# 75 Gallon Mixed African tank



## ChrisG12887 (Apr 18, 2008)




----------



## yogurtpooh (Jul 28, 2005)

change the substrate to sand and get rid of all the cheap looking plastic plants and do something about the different colored rocks or wood or whatever. your fish will stand out a lot more. Either way I see some nice fish in there.


----------



## RWaters (Nov 11, 2002)

Or you can leave it as is - if that's how you like it. Your fish don't seem to mind. It looks like they have plenty of hiding places in the tank and yet they're all out in plain sight - just the way you want it! It looks good to me.


----------



## convictkid (Jul 28, 2004)

> change the substrate to sand and get rid of all the cheap looking plastic plants and do something about the different colored rocks or wood or whatever


Dang Bro chilax, its his tank.

Do what you want with it, I think its looks fine.


----------



## Marconis (Feb 9, 2007)

If you changed the substrate to sand, it'd look 100x better than it does already! I think it looks good, because the fish are just so **** good looking. Nice work.
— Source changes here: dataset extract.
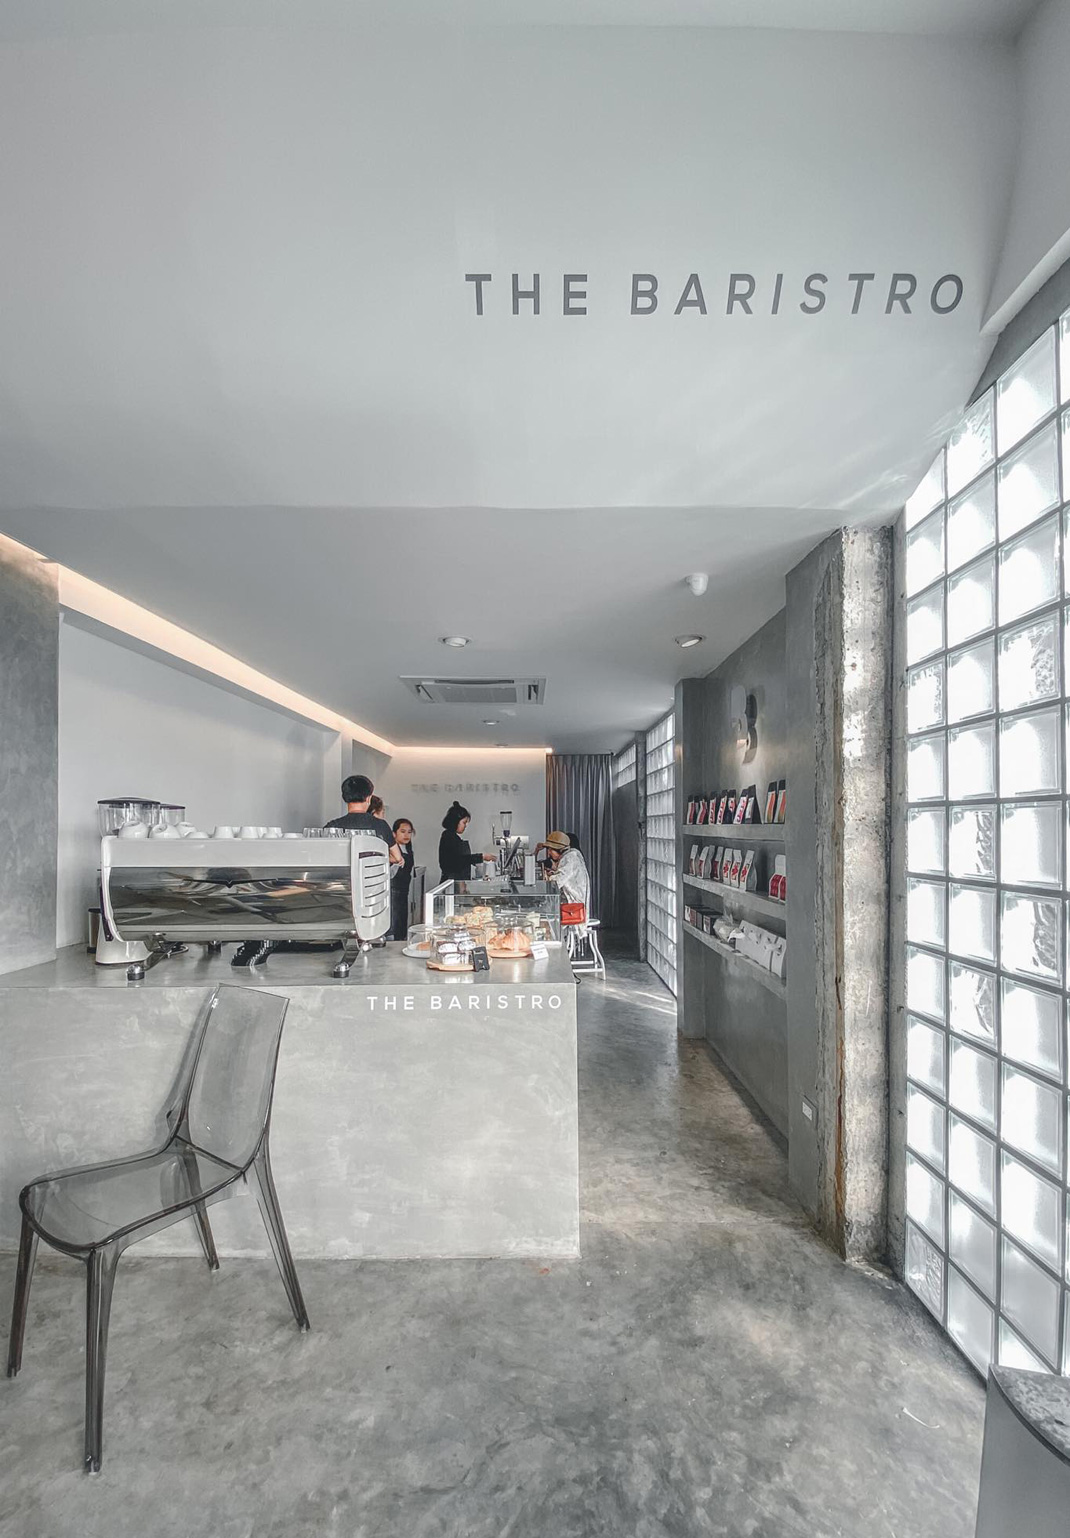 泰国清迈The Baristro咖啡厅 泰国 清迈 咖啡厅 小清新 网红店 logo设计 vi设计 空间设计 视觉餐饮

And yeah, it's what you like :thumb:


----------



## ChrisG12887 (Apr 18, 2008)

thnx everyone! I have been wanting to change the gravel for a while but havnt got around to it yet...i still think it looks ok as is and fish seem to love it so....


----------



## ChrisG12887 (Apr 18, 2008)

yea so i finally decided to change the substrate to sand and took out lots of deco....think it looks much better now.... will post pics if any wud like to see....


----------



## BLKHWK (Jun 6, 2008)

sure would like so see it now ya have some nice fich..post em


----------



## ChrisG12887 (Apr 18, 2008)

ok here ya go.....this is it for now....i will be takin out the feller stone and adding lots more rocks...


----------



## sean151 (Feb 19, 2008)

Looks much better and less crowded. For some reason gravel makes everything seem crowded to me. Yes I have gravel, but I think I'm willing to pay up for some nice sand. Love the natural flow of the sand and how you have all the rocks somewhat symmetrical, but then you have the pot off to the side. :thumb:


----------



## kingpoiuy (Jun 9, 2008)

I get $4/50lbs play sand and I think it looks great! I don't quite understand yet why people are getting anything else, like the expensive stuff.


----------



## Marconis (Feb 9, 2007)

kingpoiuy said:


> I get $4/50lbs play sand and I think it looks great! I don't quite understand yet why people are getting anything else, like the expensive stuff.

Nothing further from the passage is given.